On view at The Met Fifth Avenue in Gallery 373

This pommel is one of the best examples of a distinct group of sword and dagger pommels dating from the time of the Crusades, most of which have been found in the area of the Middle East that was known to Europeans during the Middle Ages as the Holy Land. The unidentified heraldic shield on the back of the pommel was probably the insignia of its original owner or the noble family he served. The striding lion on the front also appears on other pommels from this group, including one that formerly belonged to Dr. Bashford Dean, the founding curator of the Department of Arms and Armor in the Metropolitan Museum of Art (acc. no. 29.158.685).
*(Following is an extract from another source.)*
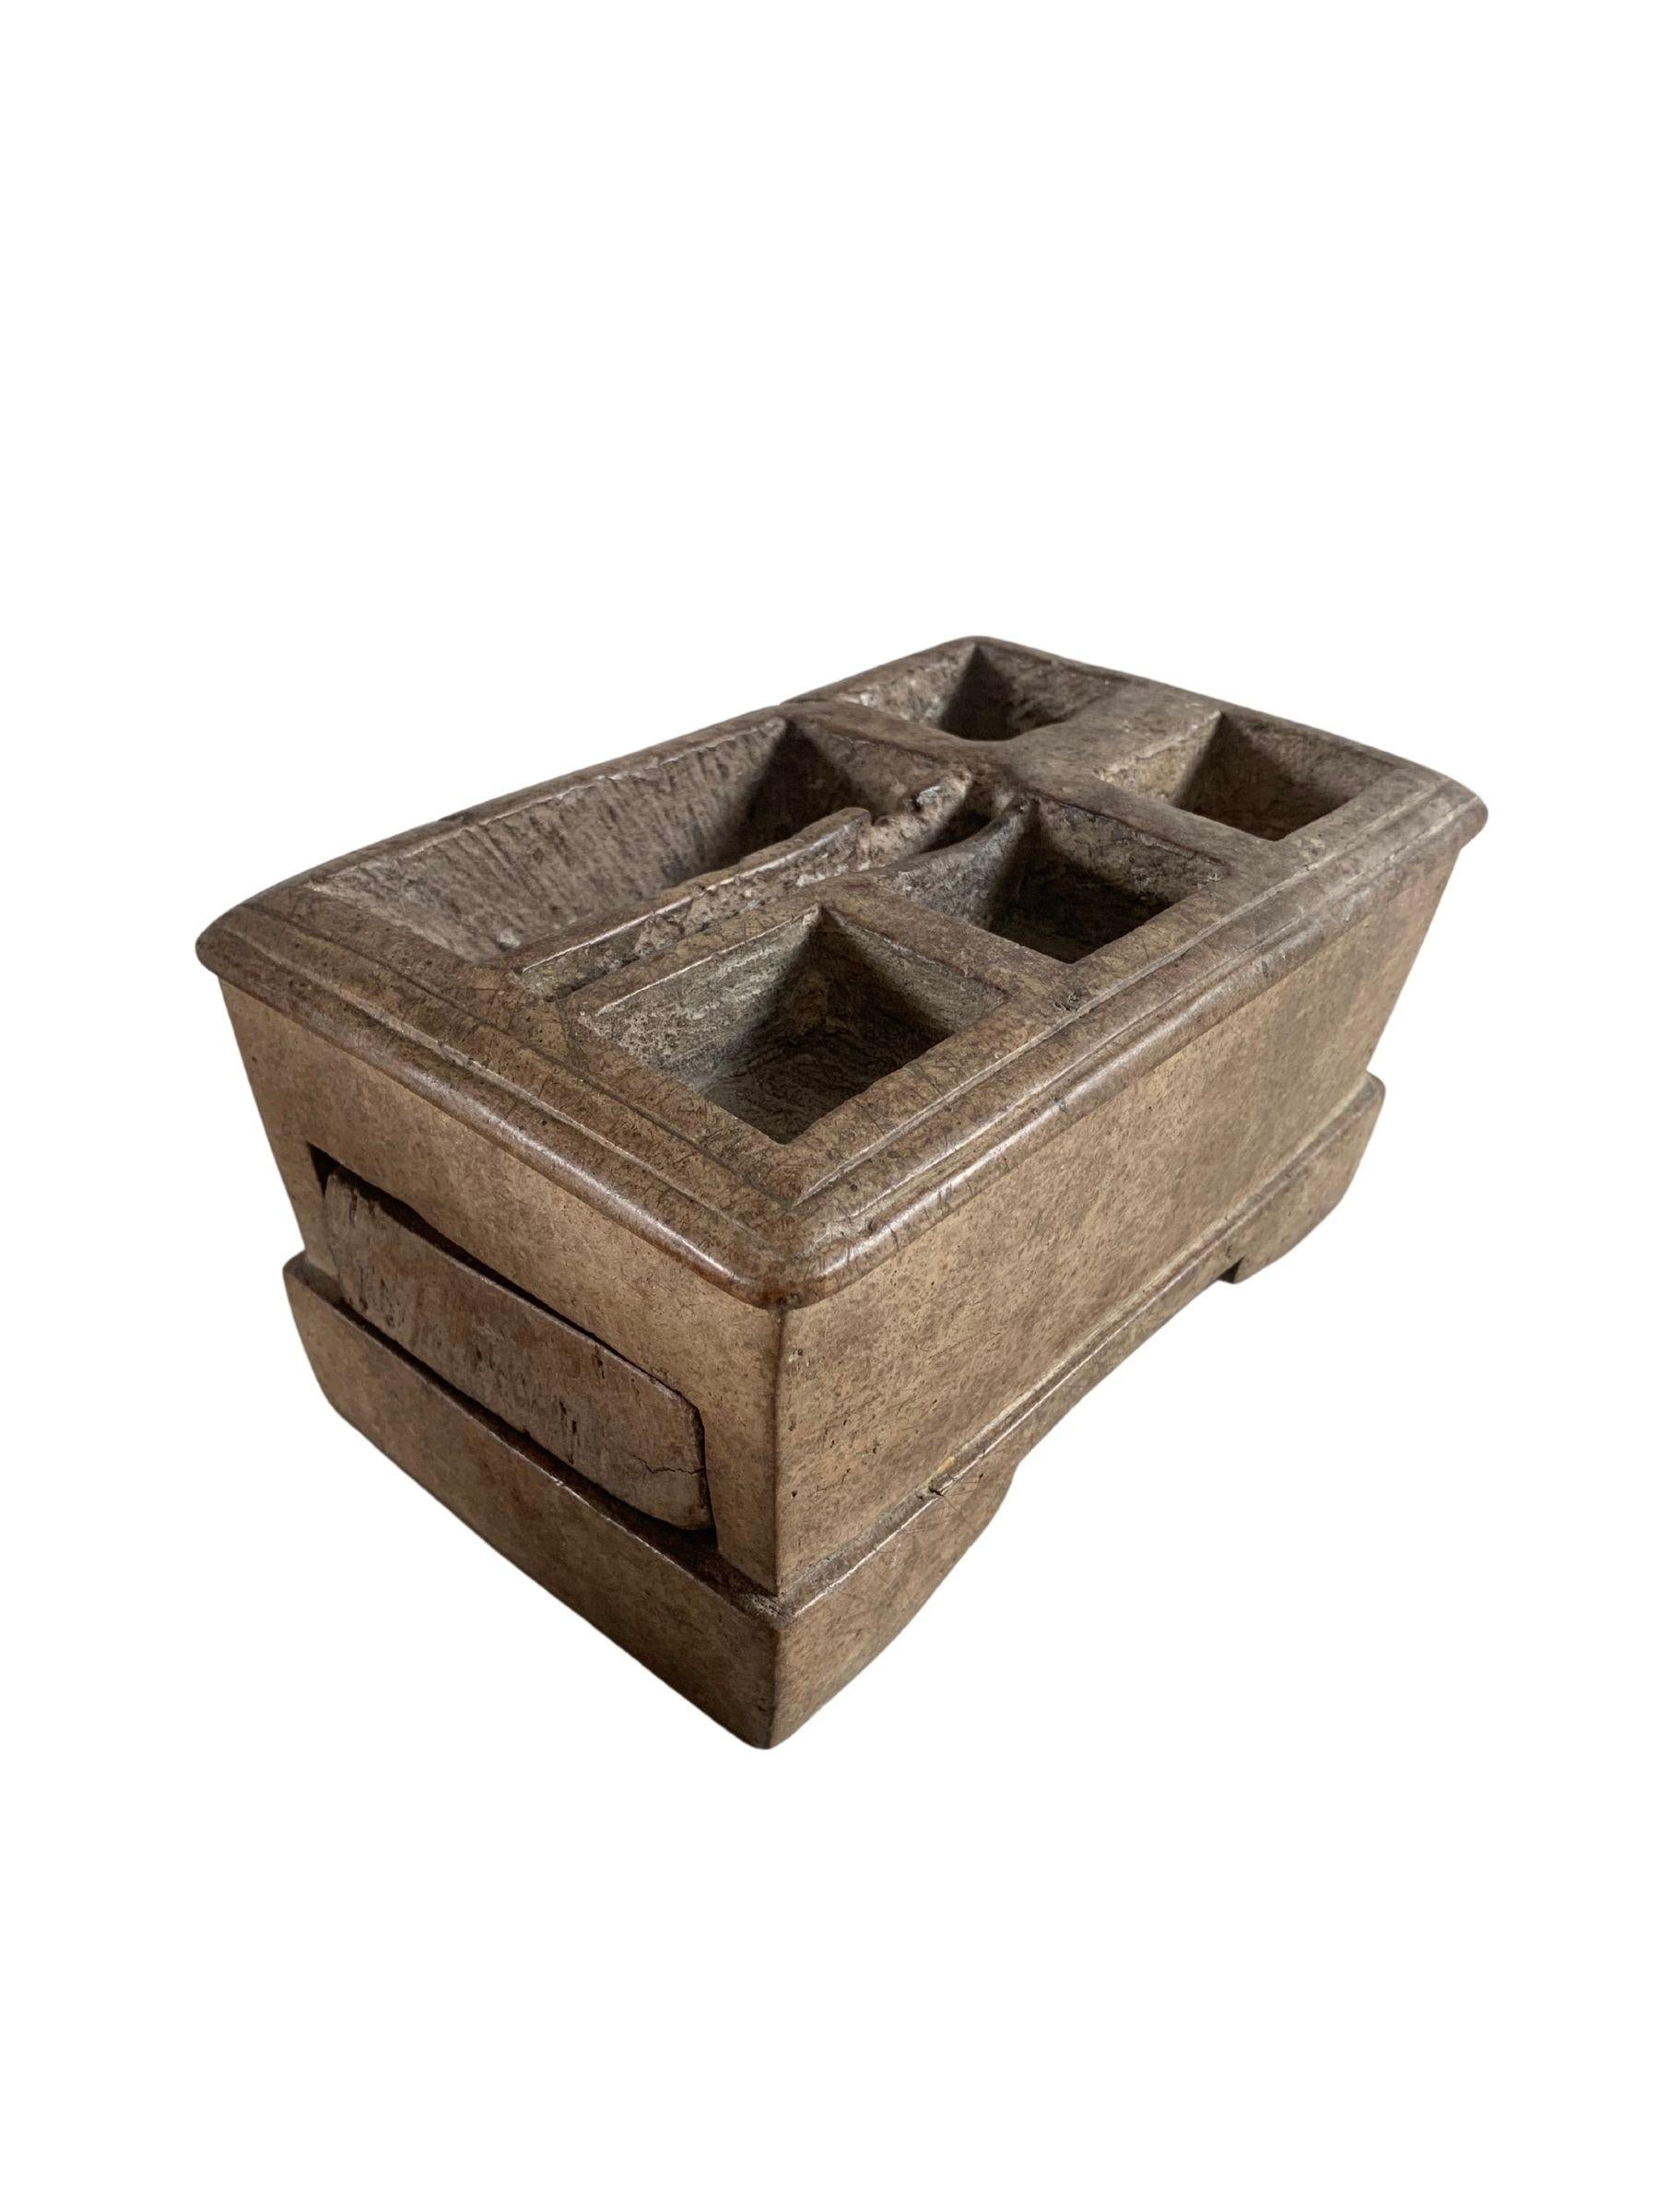 Hand-Carved Betel Nut Box from Java, Indonesia, c. 1900

The pommel is made of cast bronze in the form of a disk with twelve scallops or lobes around its perimeter and is decorated with enamel. The obverse has the heraldic figure of a lion passant guardant azure (lion walking to the viewer's left and looking full-face to the viewer, colored blue) and on the reverse there is a heraldic shield impaled (divided vertically in two halves) with a lion rampant contourné, possibly guardant (a lion standing vertically on its hind legs facing to the viewer's right and possibly looking full-face to the viewer) on the dexter (viewer's left half of the shield) and five bendlets azure (small diagonal blue bands alternating with bands of an indeterminate heraldic color) on the sinister (viewer's right half of the shield). The heraldic designs on both sides appear on a background consisting of a leafy scroll pattern within a circular frame. Each of the scallops around the perimeter is decorated with a simple trefoil motif. There are traces of blue-green champlevé enamel in the recessed areas of the lion on the obverse, between the diagonal bands of the shield on the reverse, and on both sides around the central circular compartments and the lobes. The raised areas and the edges have a rubbed brownish-green bronze patina. The pommel is hollow, but cast with thick walls, with a rectangular opening at the bottom and a circular hole at the top to accommodate the tang of a sword blade.